У Стендаля любовь описана как «кристаллизация». Подобно тому как голая ветка, опущенная в насыщенный соляной раствор, быстро обрастает ослепительными кристаллами, так и подчас ничем не примечательная личность наделяется в представлении любящего всевозможными достоинствами. Но дело не только в субъективном представлении. Сам человек – заурядный или незаурядный – заново творится в этом любовном растворе и становится другим. В нем открывается нечто такое, чего он сам не знал о себе.
Если в любви есть желание, но нет вдохновения, нет взаимной трансформации личностей, то она лишена своих волшебных свойств и ее лучше назвать
Нежность
Вот перед тобой существо столь совершенное, или столь живое, или столь особенное, ни на что не похожее, что хочется окружить его собой, защитить от всего и от всех. Порою в этом существе ощущается нежный росток человека – ребенок, который нуждается в твоей заботе или с которым просто хочется играть, резвиться, дурачиться.
Из всех свойств любви это труднее всего описать. Нежность – самоотдача: все приобретенное желанием и вдохновением она теперь отдает любимому, охраняя каждый его шаг. Хочется охранять его от себя самого, от своих покушений и приставаний, от диктатов и капризов страсти, от смены настроений, от бытовых забот. Нежность почти ангелична и вместе с тем телесна. Это райская чувственность, которая не знает бурь желания, – почти неподвижность, покой, который прерывается легким шепотом, прикосновением только для того, чтобы глубже ощутить это блаженство сопребывания в одном времени и пространстве, где каждый защищает другого собой.
Жалость
Вдруг чувствуешь, что в другом человеке проседает жизненная основа, почва уходит из-под ног. И ты протягиваешь ему руку, начинаешь выводить с шаткого места. Он утратил веру в высший промысел и справедливость, жизнь потеряла смысл – ты обсуждаешь с ним мирообъемлющие вопросы, делишься опытом своих кризисов и их преодоления. И вдруг оказывается, что именно в той точке, где вы обсуждаете потерю смысла, этот смысл восстанавливается. Может быть, он для того и был потерян, чтобы заново его обрести именно вместе. И шаткое место уже позади, а отнимать руку не хочется, она уже приросла к другой руке.
Жалость – это новая тревога, уже не та, что сопутствовала желанию, не тревога неутоленности и неутолимости, а страх недодать, недоделиться. Предмет жалости – это слабости любимого, его боль, страдание, незнание, неумение… Смертность. Недаром по-простецки, по-деревенски «жалеть» – это и значит любить. Любовь без жалости может быть страстной, вдохновенной, нежной, романтичной, но ей недостает проникновения в слабость любимого, в которую можно вложить свою силу.

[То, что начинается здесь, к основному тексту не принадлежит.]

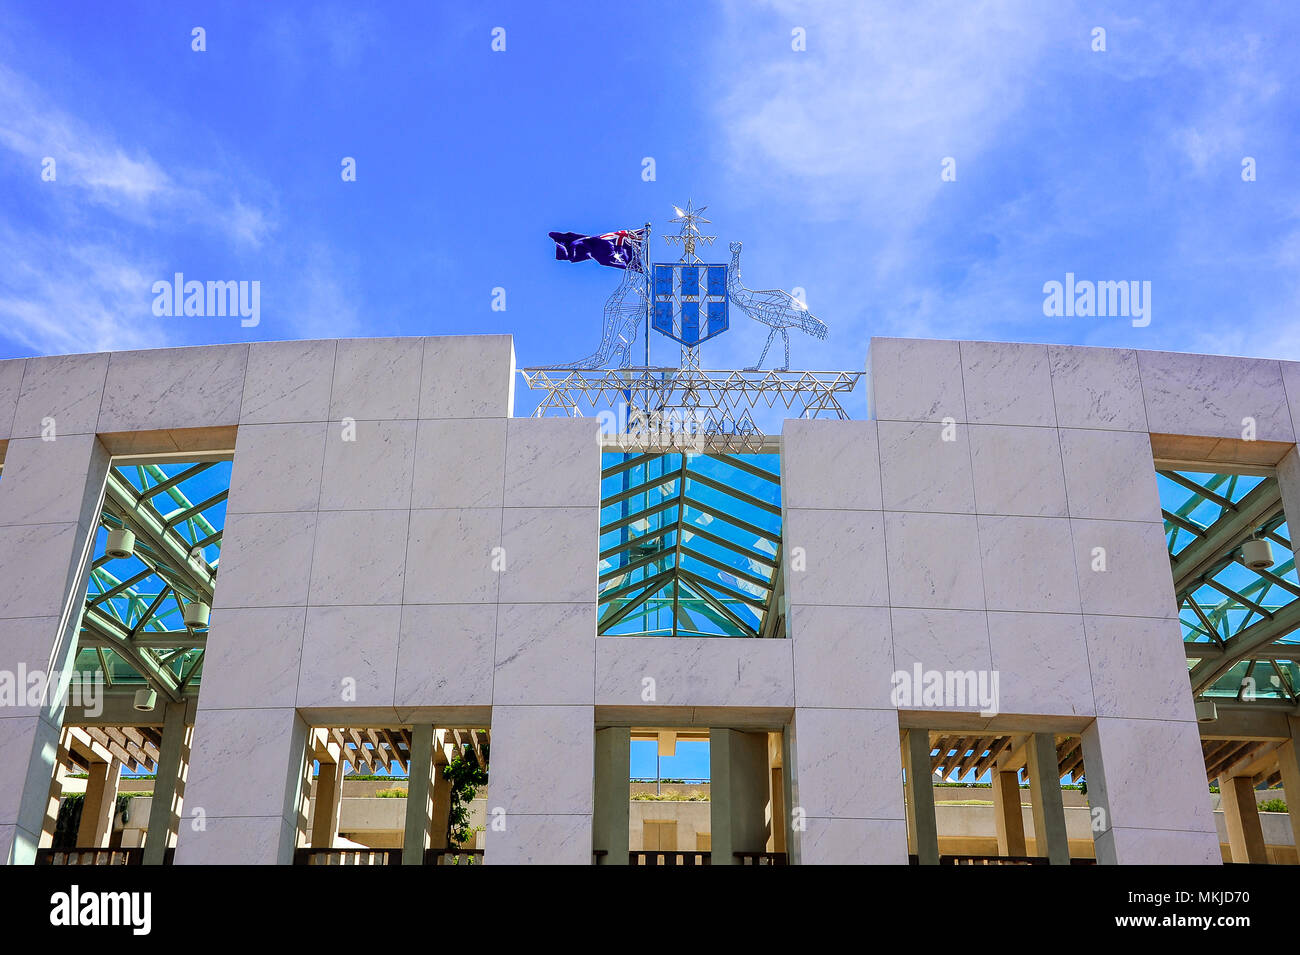 Entrée principale de la nouvelle Maison du Parlement, avec les armoiries de l'affichage le kangourou, l'émeu et du Commonwealth star contre un ciel bleu profond Banque D'Images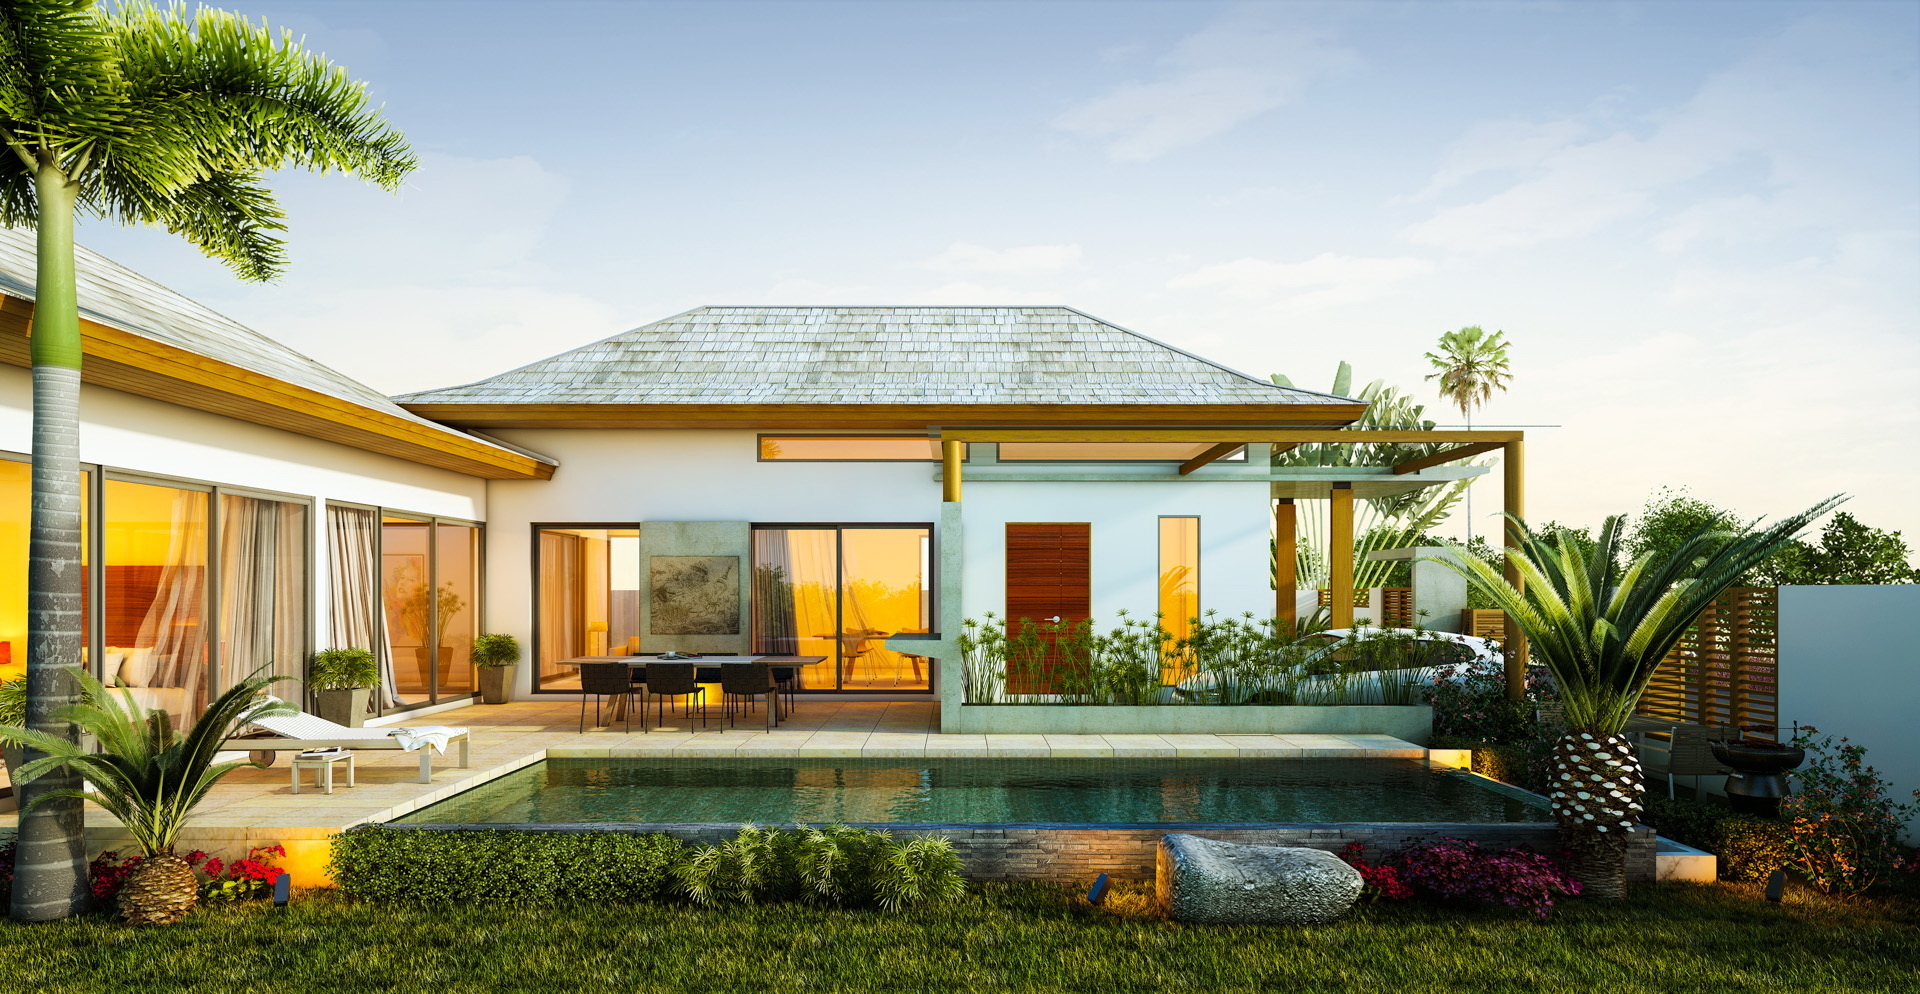 Tropical Island Homes Designs Desain Rumah Tropis Mewah 1920x994 Wallpaper Teahubio

Иногда можно услышать, что слабых любят больше, чем сильных, красивых, удачливых, что к слабым крепче привязываются, потому что главная потребность любви – давать, наделять любимого всем, что есть у любящего. Вряд ли эта теория верна. Иначе сильные оказались бы самыми несчастными людьми. Суть не в том, что любовь вызывается слабостью, а в том, что любовь способна находить слабость даже в самом сильном. «Несказанная жалость спрятана в сердце любви» (У. Йейтс).
Опасно принимать жалость за любовь, но еще опаснее – исключать из любви чувство жалости. Если в ласках нет этого сдерживаемого плача хотя бы о смертности любимого, о неизбежной разлуке с ним, значит любовь еще недостаточна горька, не пропиталась тем страхом, которыми не могут не делиться прильнувшие друг к другу смертные существа. Чем теснее сплетаются двое, тем острее переживается хрупкость, разрывчатость этого сплетения. Из всех любовных чувств жалость больше всего обращена к смертности и слабости любимого, именно потому, что сполна переживает вечное и сильное в самой любви. Именно жалостью любовь вступает в состязание со смертью, пытается вырвать у нее жало.